Consistent Direct Time-of-Flight Video Depth Super-Resolution
- URL: http://arxiv.org/abs/2211.08658v2
- Date: Wed, 3 May 2023 21:50:14 GMT
- Title: Consistent Direct Time-of-Flight Video Depth Super-Resolution
- Authors: Zhanghao Sun, Wei Ye, Jinhui Xiong, Gyeongmin Choe, Jialiang Wang,
Shuochen Su, Rakesh Ranjan
- Abstract summary: Direct time-of-flight (dToF) sensors are promising for next-generation on-device 3D sensing.
We propose the first multi-frame fusion scheme to mitigate the spatial ambiguity resulting from the low-resolution dToF imaging.
We introduce DyDToF, the first synthetic RGB-dToF video dataset that features dynamic objects and a realistic dToF simulator.
- Score: 9.173767380836852
- License: http://arxiv.org/licenses/nonexclusive-distrib/1.0/
- Abstract: Direct time-of-flight (dToF) sensors are promising for next-generation
on-device 3D sensing. However, limited by manufacturing capabilities in a
compact module, the dToF data has a low spatial resolution (e.g., $\sim
20\times30$ for iPhone dToF), and it requires a super-resolution step before
being passed to downstream tasks.
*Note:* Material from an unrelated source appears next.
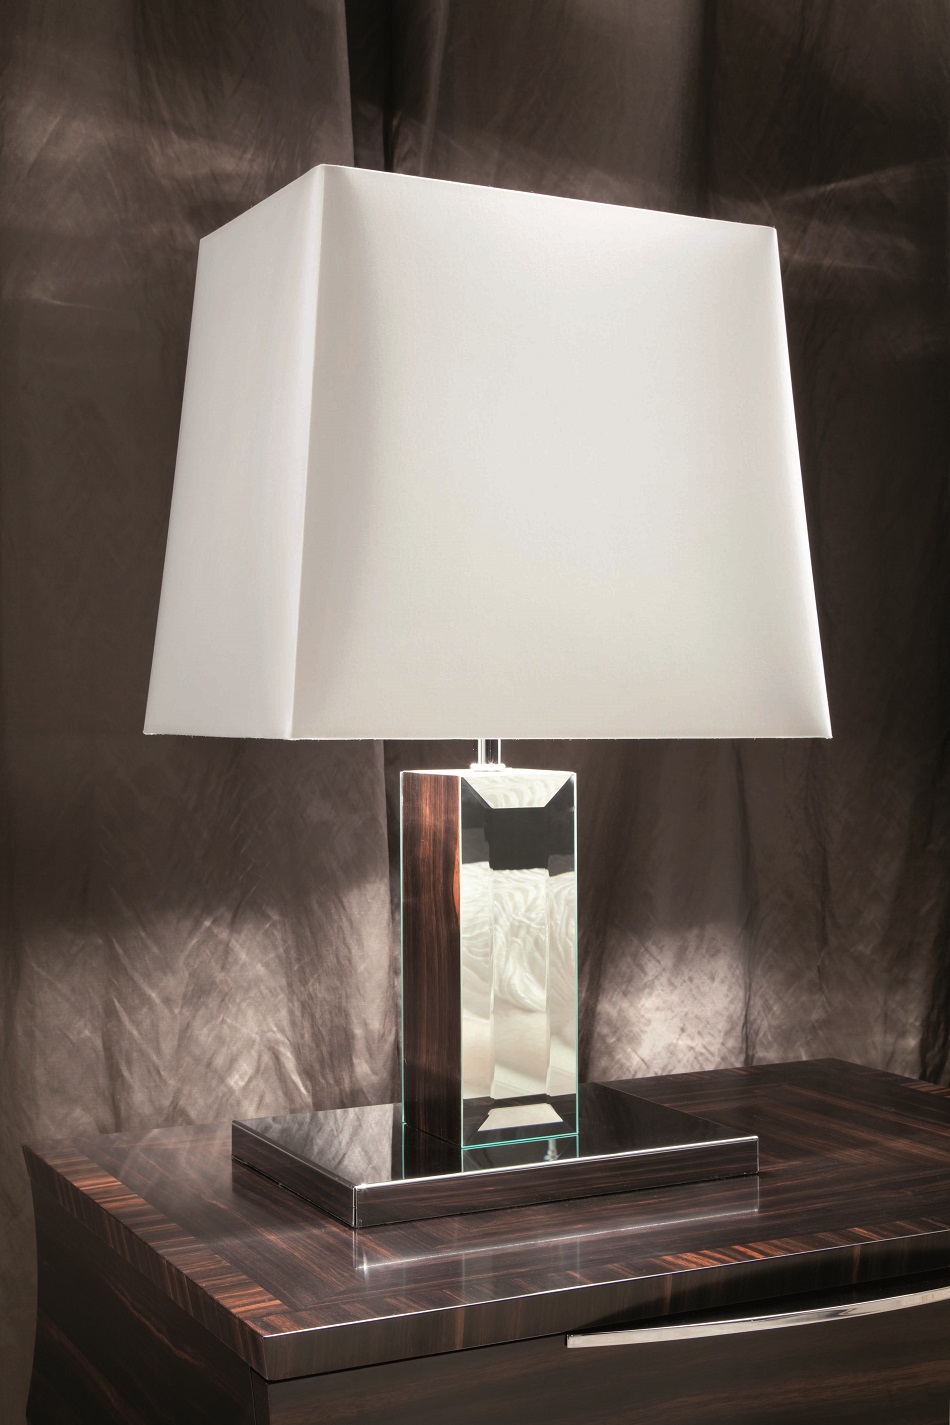 Night table small lamp

In this paper, we solve this super-resolution
problem by fusing the low-resolution dToF data with the corresponding
high-resolution RGB guidance. Unlike the conventional RGB-guided depth
enhancement approaches, which perform the fusion in a per-frame manner, we
propose the first multi-frame fusion scheme to mitigate the spatial ambiguity
resulting from the low-resolution dToF imaging. In addition, dToF sensors
provide unique depth histogram information for each local patch, and we
incorporate this dToF-specific feature in our network design to further
alleviate spatial ambiguity. To evaluate our models on complex dynamic indoor
environments and to provide a large-scale dToF sensor dataset, we introduce
DyDToF, the first synthetic RGB-dToF video dataset that features dynamic
objects and a realistic dToF simulator following the physical imaging process.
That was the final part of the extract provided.